# Number of substrings divisible by 8 and not by 3 in C++

A string of 0-9 is given. For this problem, we need to calculate the number of strings that are divisible by 8 and not by 3. This is a 2 step problem, and we need to do the code one step at a time to solve it, for example

Input

str = "80"

Output

2

Input

str = "7675636788"

Output

15

## Approach to Find the Solution

Only numbers with their last 3 digits are divisible by 8, and their sum of digits divisible by 3 are divisible by 8.

Now store the prefix sum of the string so that the sum of digits of prefix module 3 is either 0,1, or 2. Then the string is iterated for all the positions of i. Then count the number of substrings at i, which are divisible by 8—now, subtracting the number of substrings at i, which are divisible by 3 from this value.

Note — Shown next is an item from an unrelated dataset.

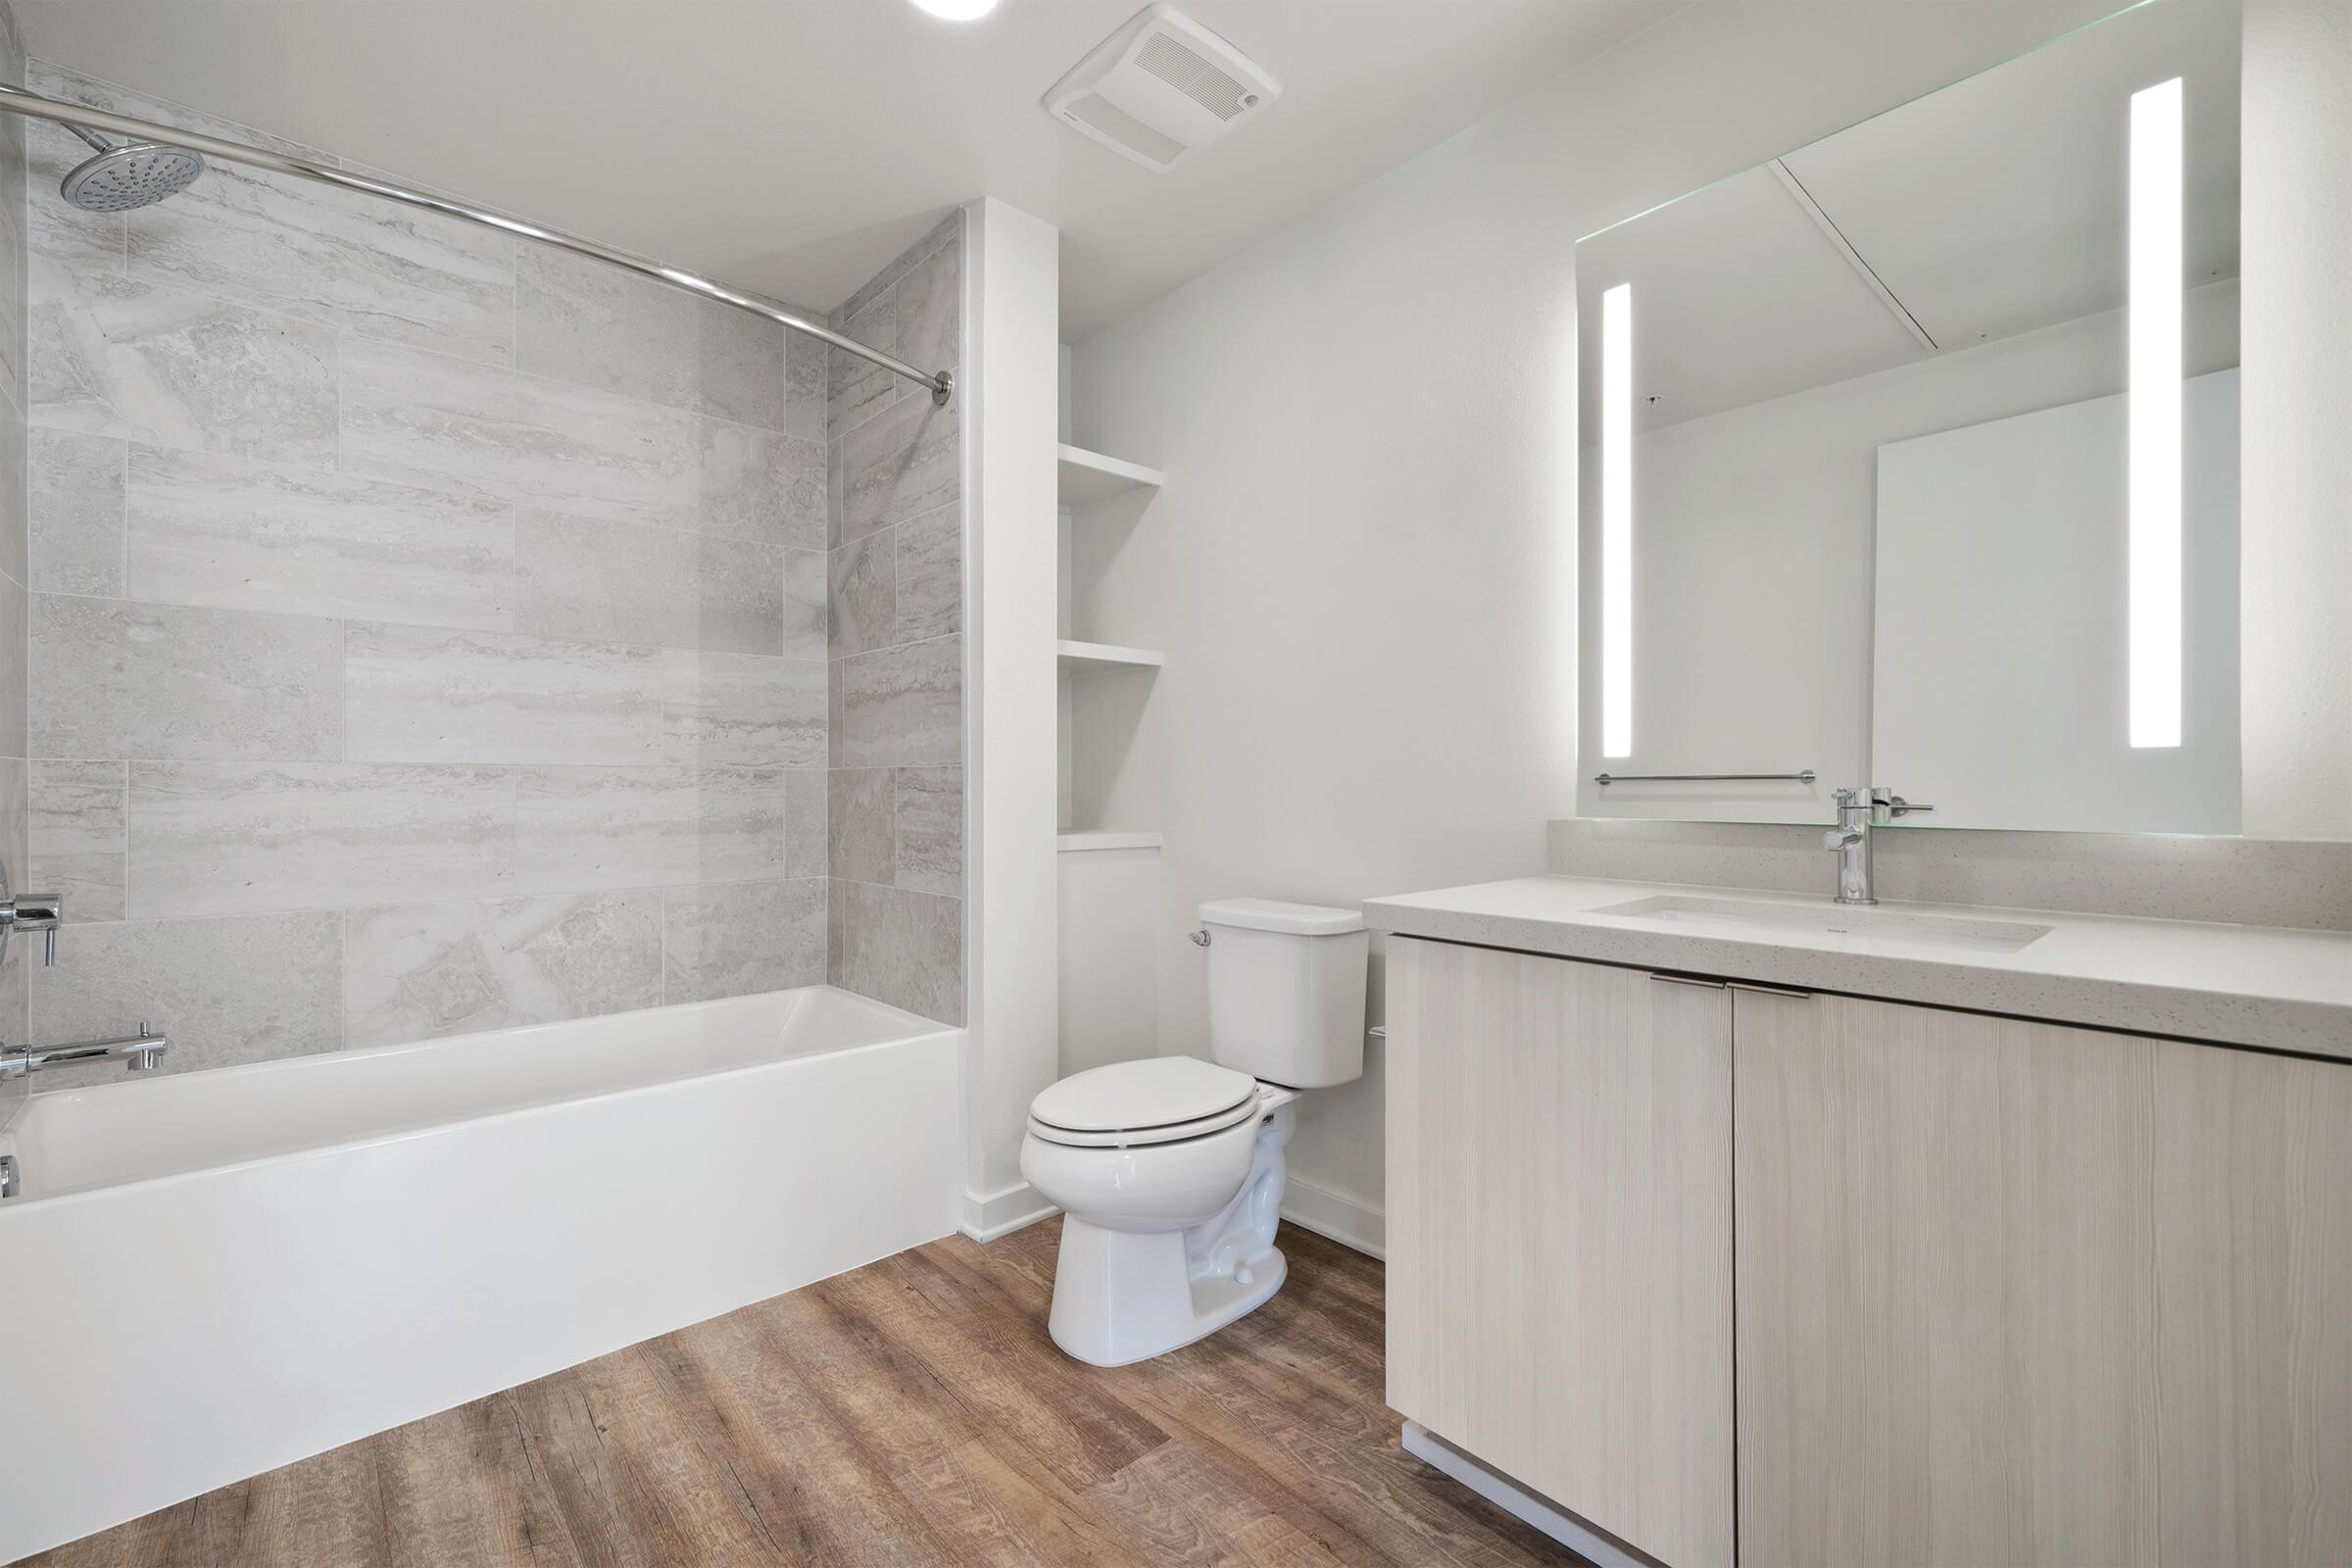 Prisma apartments offers bathrooms with mirrors and integrated lighting

|S| X 3 size 2D array is defined, |S| is the size of a string, say dp[i][j].

At any index i dp[i][j]. Starting from index i to 0, the number of substrings have the output j. So 0<=j<=0, since module 3.

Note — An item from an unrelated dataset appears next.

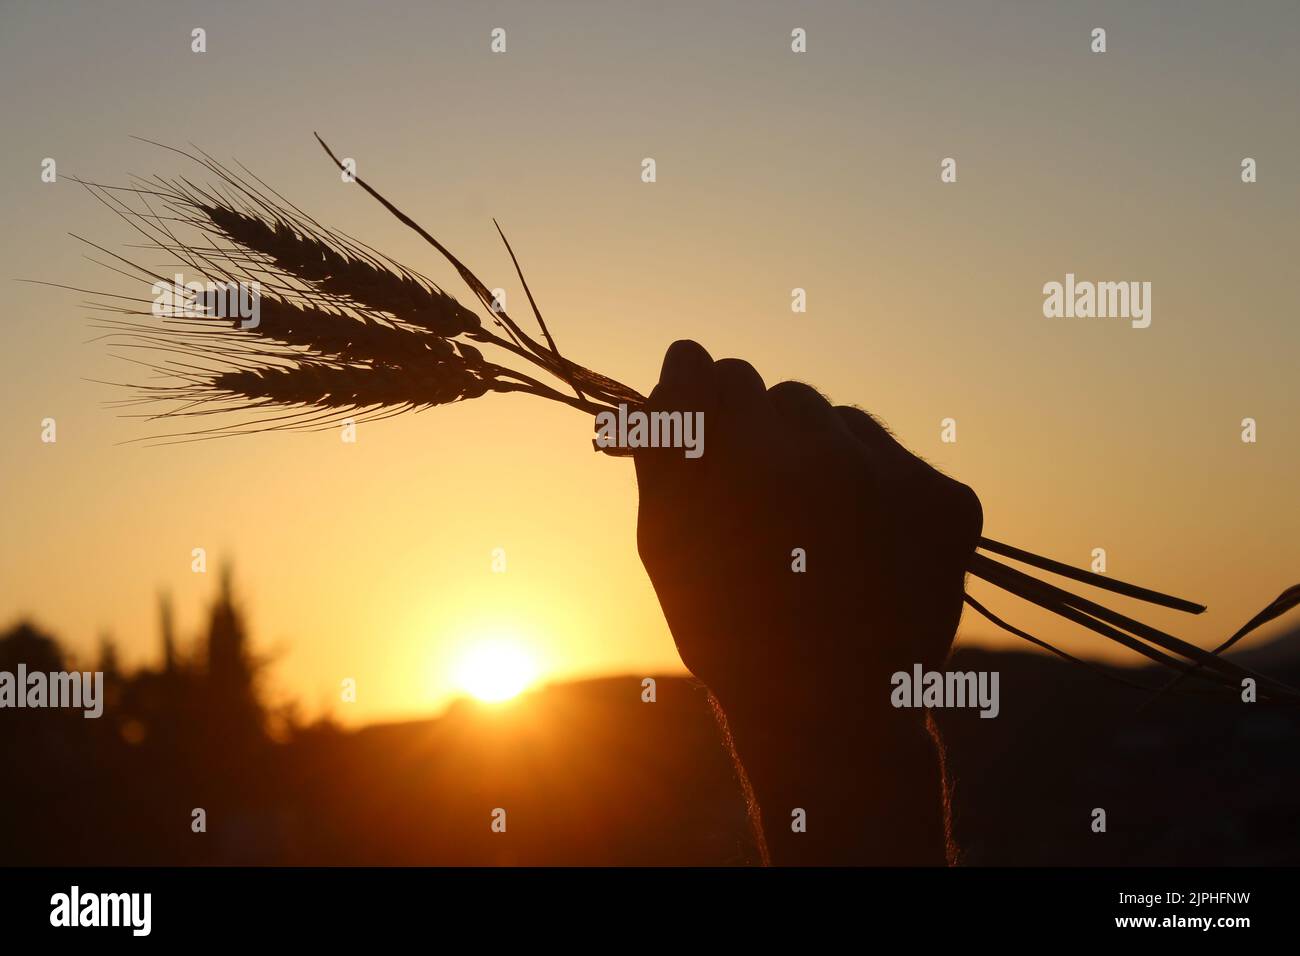 Silhouette of man holding wheat ears under sunset. Food crisis concept idea. Stock Photo

We need to iterate over the string to check if one-digit, two-digit, and three-digit numbers are divisible by 8.

• To determine if a character is 8 at index, check the number at index.

• Divide the number by 8 rather than 3 if there are two digits.

Let us assume the number is divisible by 8. There must be two (1-3) substrings if it is divisible by 8. However, it will also have the substrings, which are divisible by 8. To remove them.

## Example

#include <bits/stdc++.h>
using namespace std;

#define MAX 1000
int count (char s[], int len) {
int cur = 0,
dig = 0;
int sum[MAX], dp[MAX][3];
memset (sum, 0, sizeof (sum));
memset (dp, 0, sizeof (dp));
dp[0][0] = 1;
for (int i = 1; i <= len; i++) {
dig = int (s[i - 1]) - 48;
cur += dig;
cur %= 3;
sum[i] = cur;
dp[i][0] = dp[i - 1][0];
dp[i][1] = dp[i - 1][1];
dp[i][2] = dp[i - 1][2];
dp[i][sum[i]]++;
}
int ans = 0, dprev = 0, value = 0, dprev2 = 0;
for (int i = 1; i <= len; i++) {
dig = int (s[i - 1]) - 48;
if (dig == 8) ans++;
if (i - 2 >= 0) {
dprev = int (s[i - 2]) - 48;
value = dprev * 10 + dig;
if ((value % 8 == 0) && (value % 3 != 0)) ans++;
}
// Taking 3 digit number.
if (i - 3 >= 0){
dprev2 = int (s[i - 3]) - 48;
dprev = int (s[i - 2]) - 48;
value = dprev2 * 100 + dprev * 10 + dig;
if (value % 8 != 0) continue;
ans += (i - 2);
ans -= (dp[i - 3][sum[i]]);
}
}
return ans;
}
int main () {
char str[] = "7675636788";
int len = strlen (str);
cout << count (str, len) << endl;
return 0;
}

## Output

4

## Conclusion

In this problem, we learned how to find the number of substrings divisible by 8 and not by 3 along with the c++ code. This code can also be written in java, python, and other languages. To solve this problem, we have reversed a string to find the number of substrings divisible by 8 but not divisible by 3. It is a very straightforward problem once we divide it into 2 parts.